*PROMPT:*
Write out every line below again exactly as it stands, skipping each image.

*COLLECTED MATERIAL:*
***

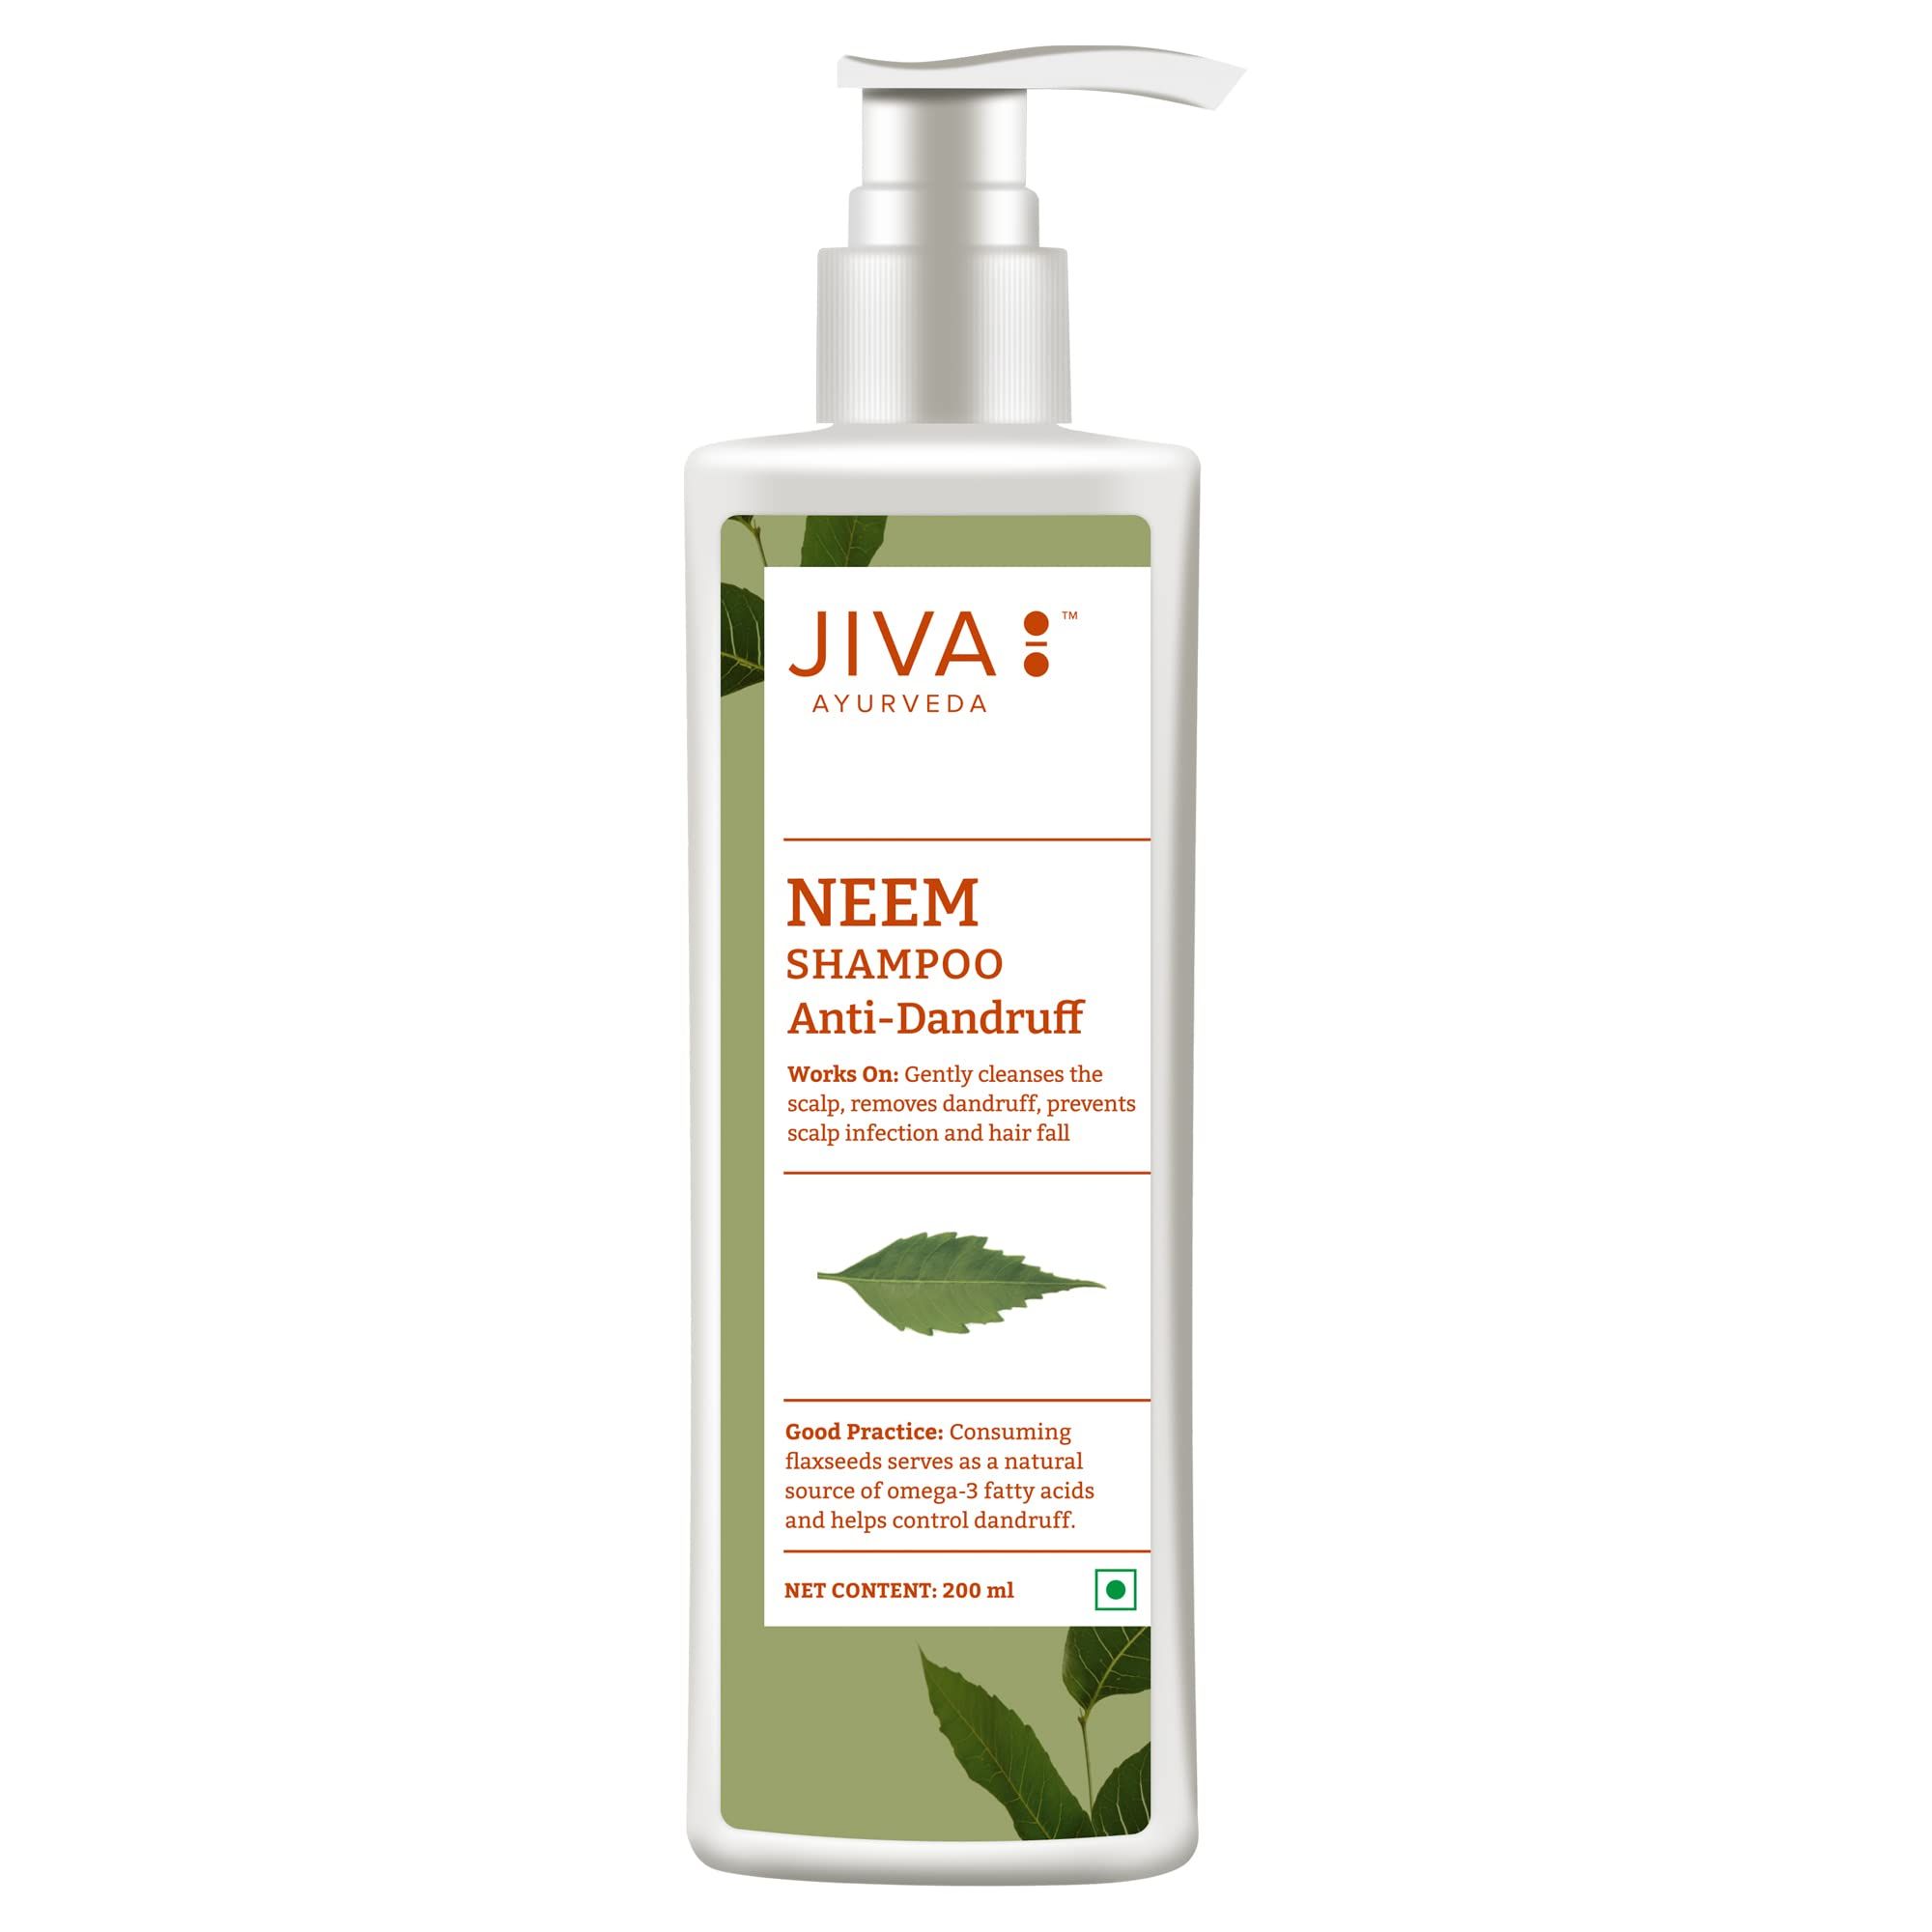 Buy Jiva Ayurveda Neem Shampoo at Best Price Online
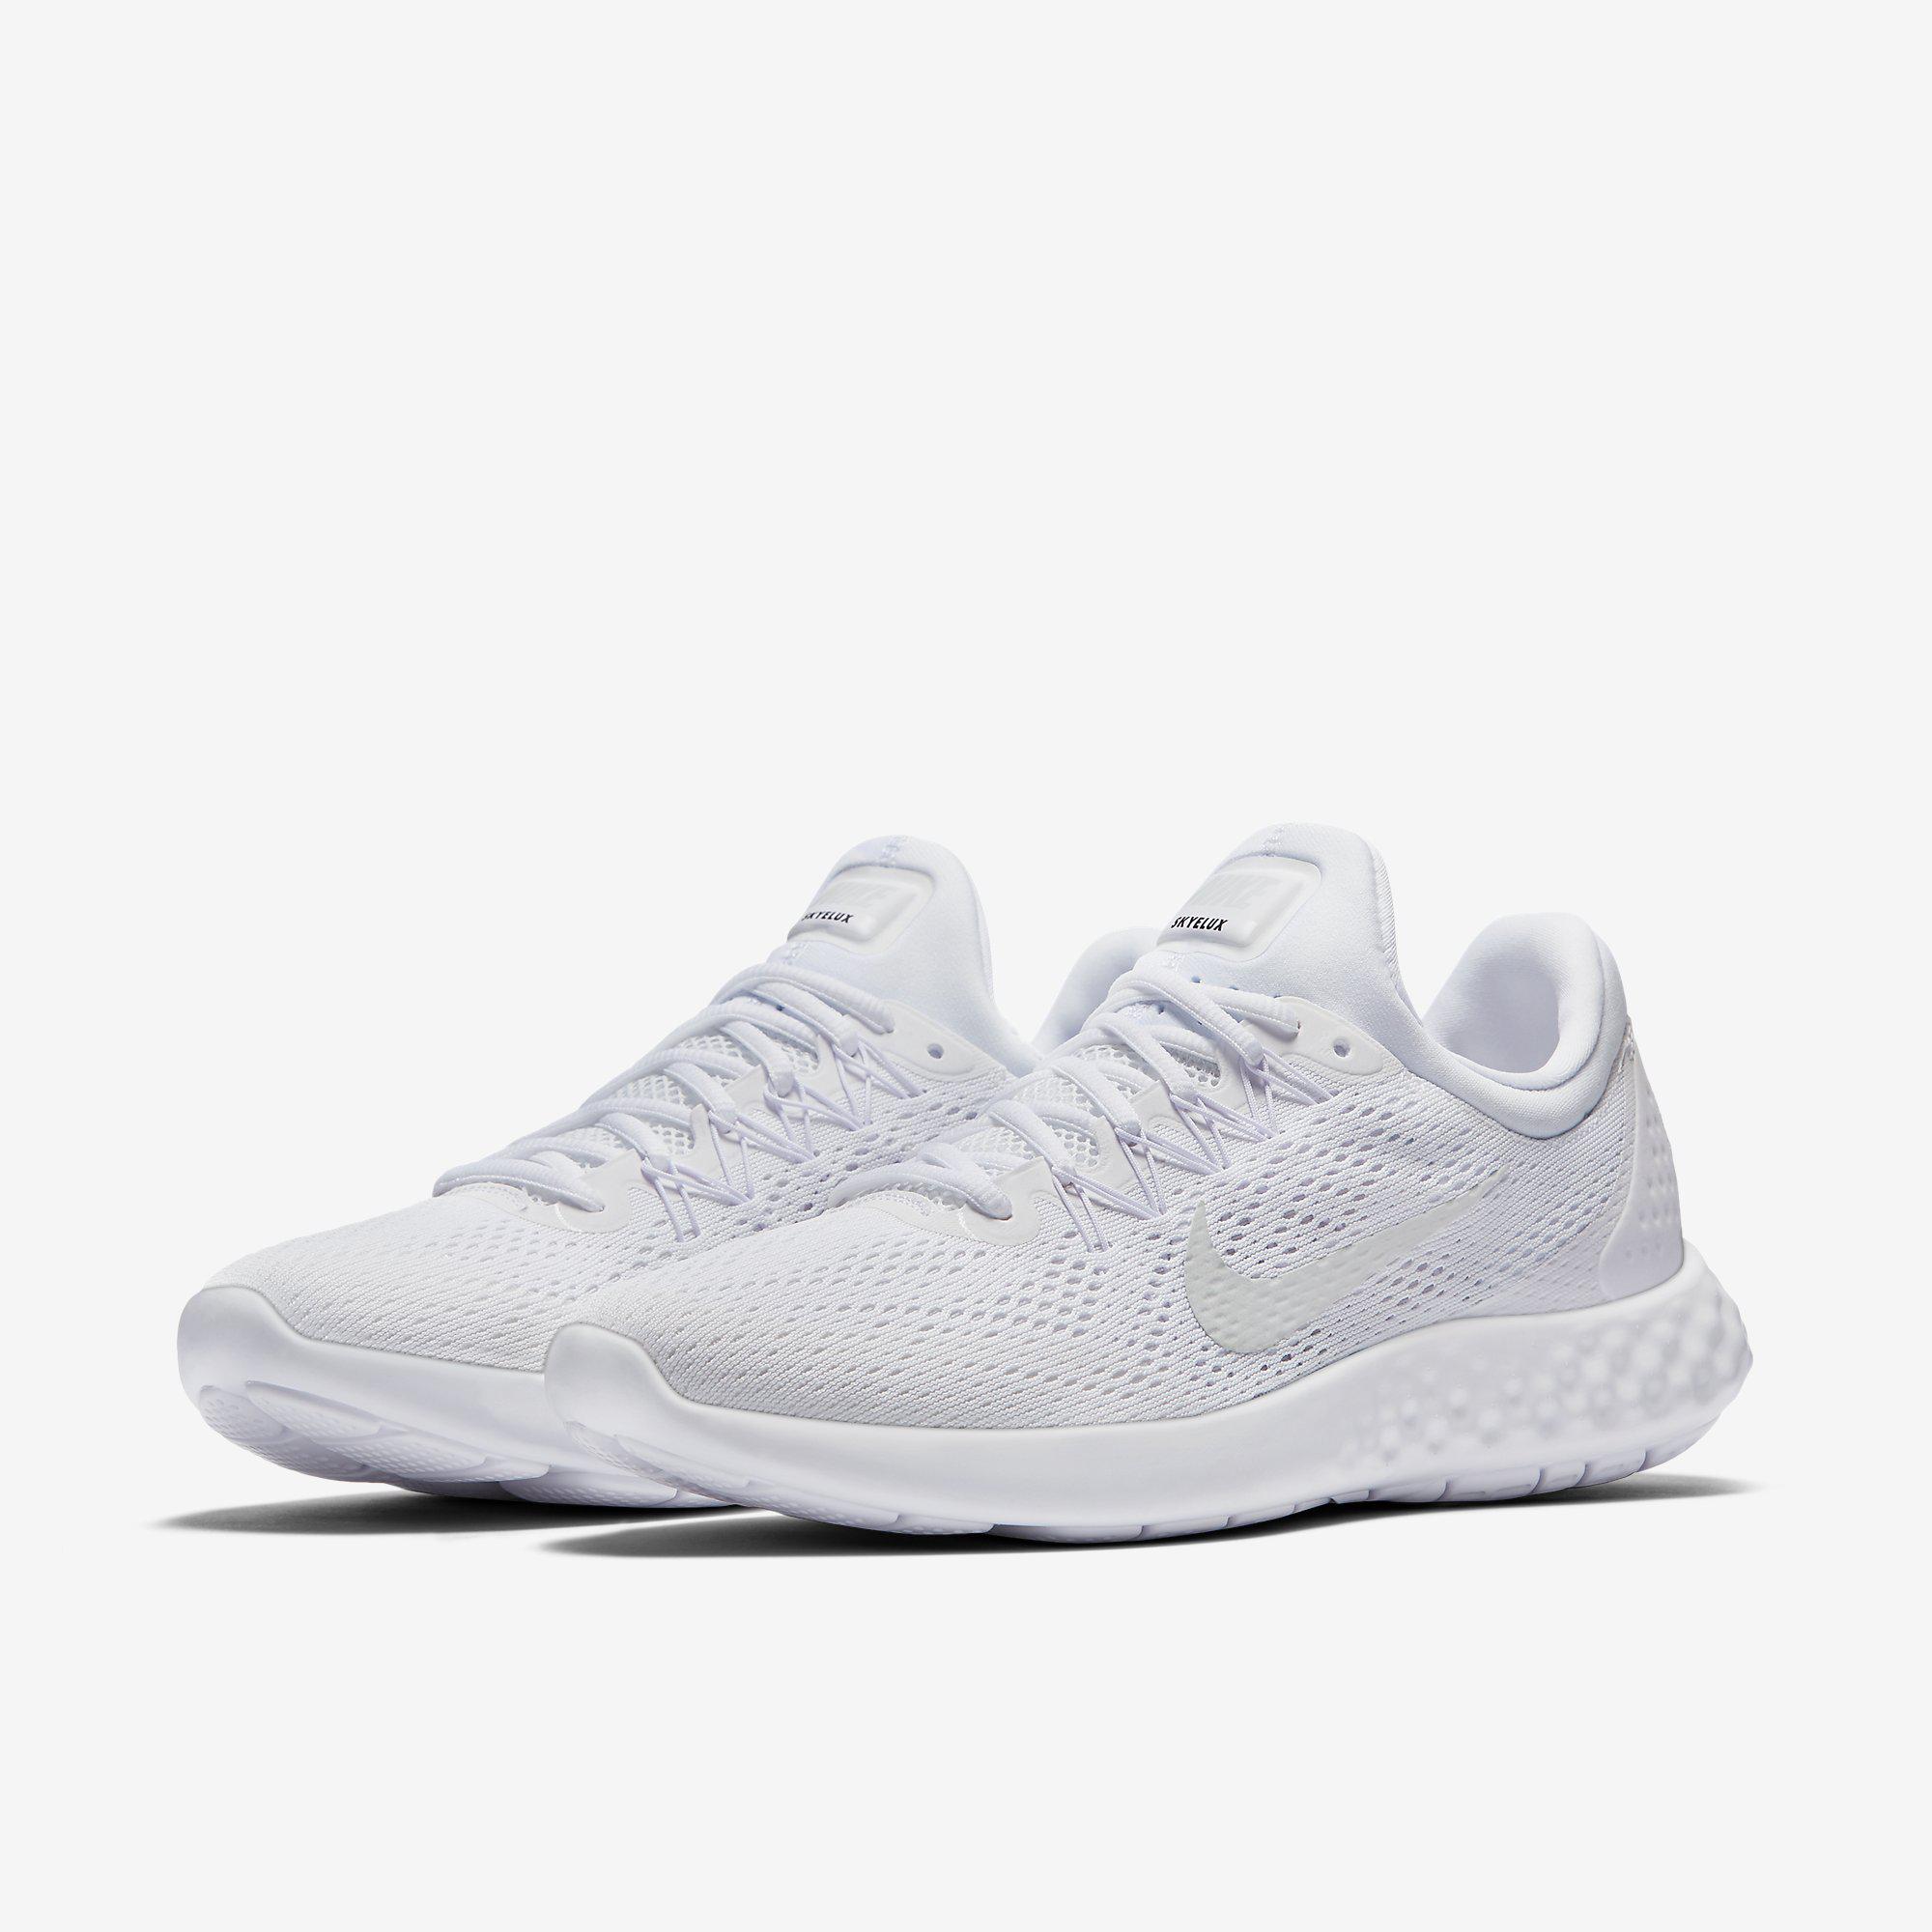  Nike  Mens Lunar Skyelux Running  Shoes  White  Tennisnuts com
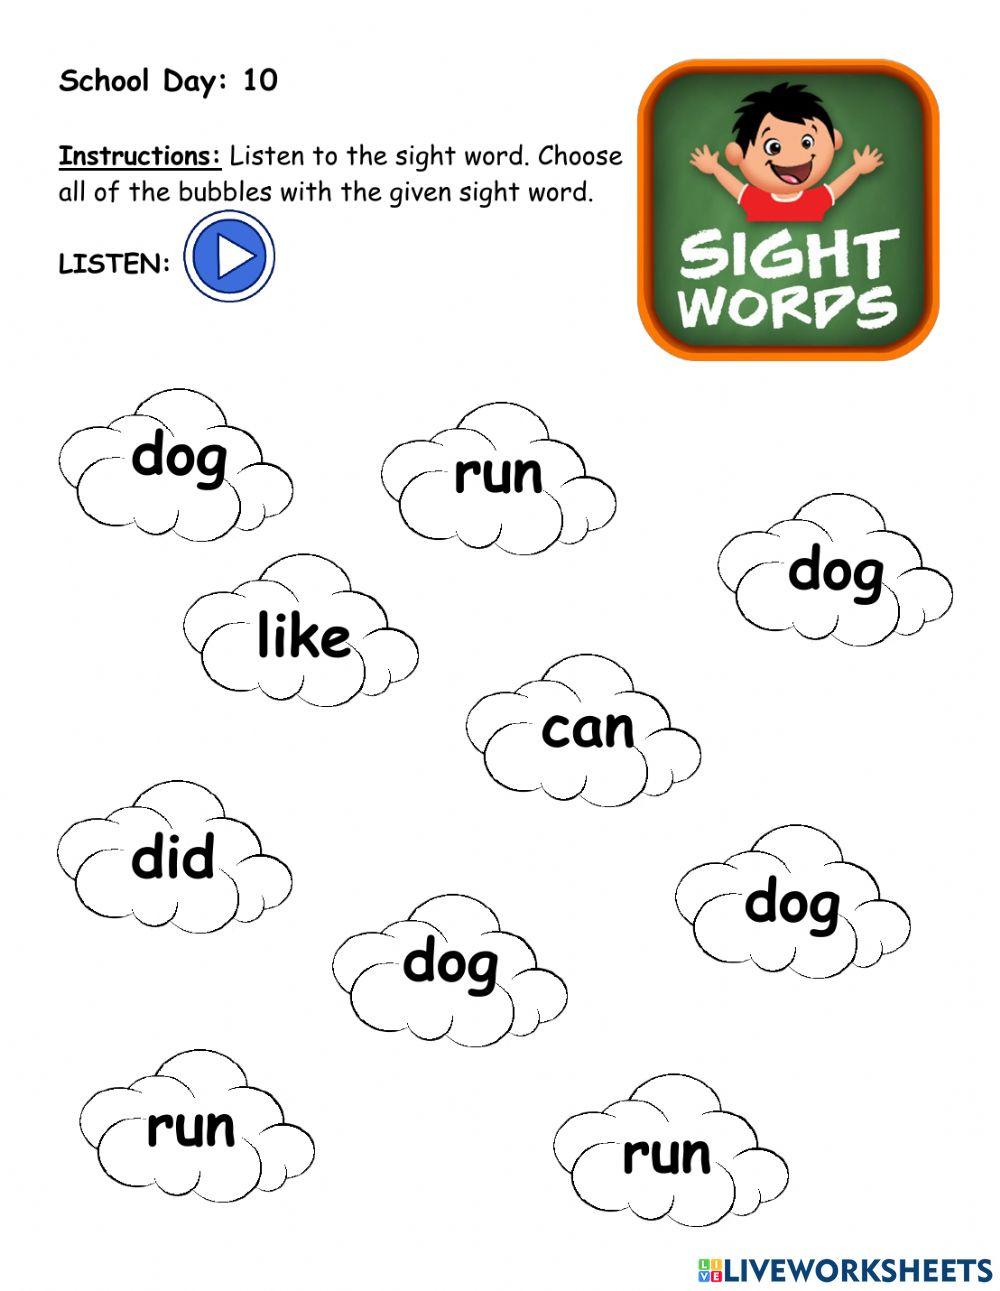 Sight word: dog

***

*OUTPUT OF THE EXERCISE:*
 Buy Jiva Ayurveda Neem Shampoo at Best Price Online
  Nike  Mens Lunar Skyelux Running  Shoes  White  Tennisnuts com
 Sight word: dog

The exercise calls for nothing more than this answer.